One mole each of 2NO (g) and 2 4N O (g)were mixed in a 1 3dm flask and allowed toequilibrate. The following equilibrium wasestablished : 32 2 42NO (g) N O (g)If at equilibrium the reaction mixturecontained 0.75 moles of 2 4N O (g) , calculatethe value of equilibrium constant ck for thereaction

To calculate the equilibrium constant (Kc) for the given reaction, we need to use the balanced equation and the concentrations of the reactants and products at equilibrium.

The balanced equation for the reaction is: 2NO (g) + 2N2O4 (g) ⇌ 4NO2 (g)

At equilibrium, the reaction mixture contains 0.75 moles of N2O4 (g). Since the stoichiometric coefficient of N2O4 (g) is 2, the concentration of N2O4 (g) at equilibrium is 0.75/1.3 = 0.577 moles/dm^3.

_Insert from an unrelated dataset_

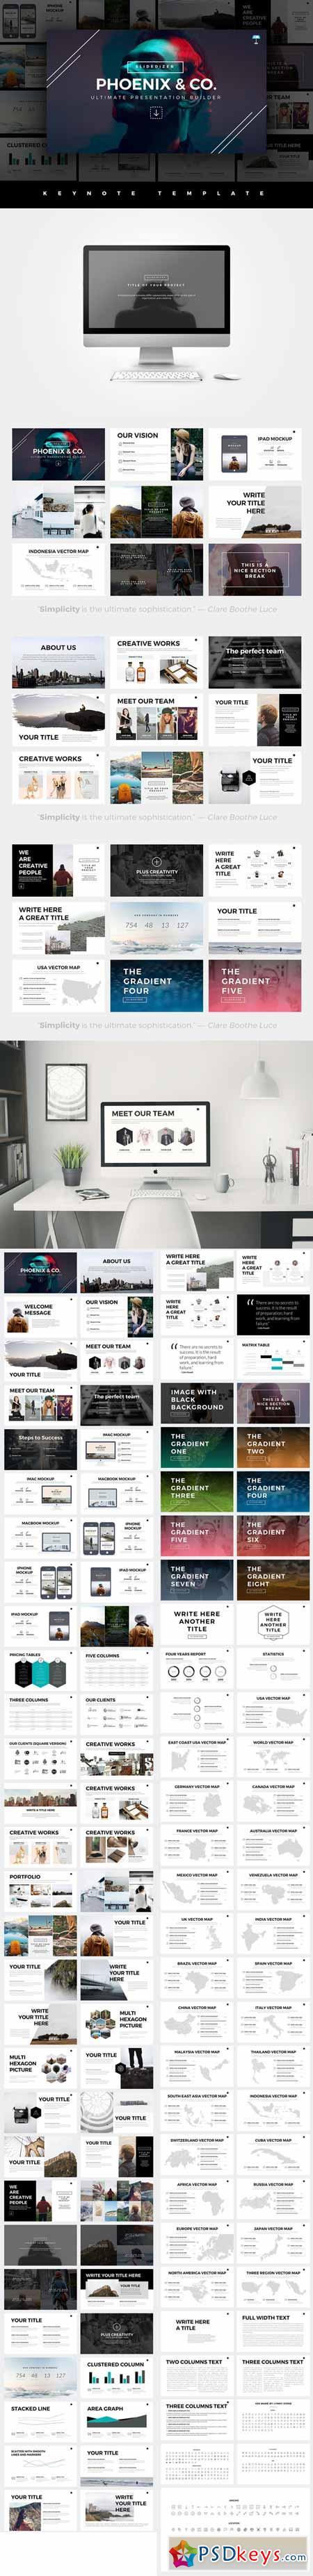 phoenix minimal keynote template 522250 free download photoshop vector stock image via torrent. Black Bedroom Furniture Sets. Home Design Ideas

Using the stoichiometry of the balanced equation, we can determine the concentration of NO (g) at equilibrium. Since the stoichiometric coefficient of NO (g) is also 2, the concentration of NO (g) at equilibrium is 2 * 0.577 = 1.154 moles/dm^3.

The concentration of NO2 (g) at equilibrium can be calculated by subtracting the concentration of N2O4 (g) from the initial concentration of NO2 (g). Since the initial concentration of N2O4 (g) is 0 moles/dm^3, the concentration of NO2 (g) at equilibrium is 2 * 0.577 = 1.154 moles/dm^3.

Now, we can substitute the equilibrium concentrations into the equilibrium expression to calculate the value of Kc: Kc = [NO2]^4 / ([NO]^2 * [N2O4]^2) = (1.154^4) / ((1.154^2) * (0.577^2)) = 2.56

Therefore, the value of the equilibrium constant (Kc) for the reaction is 2.56.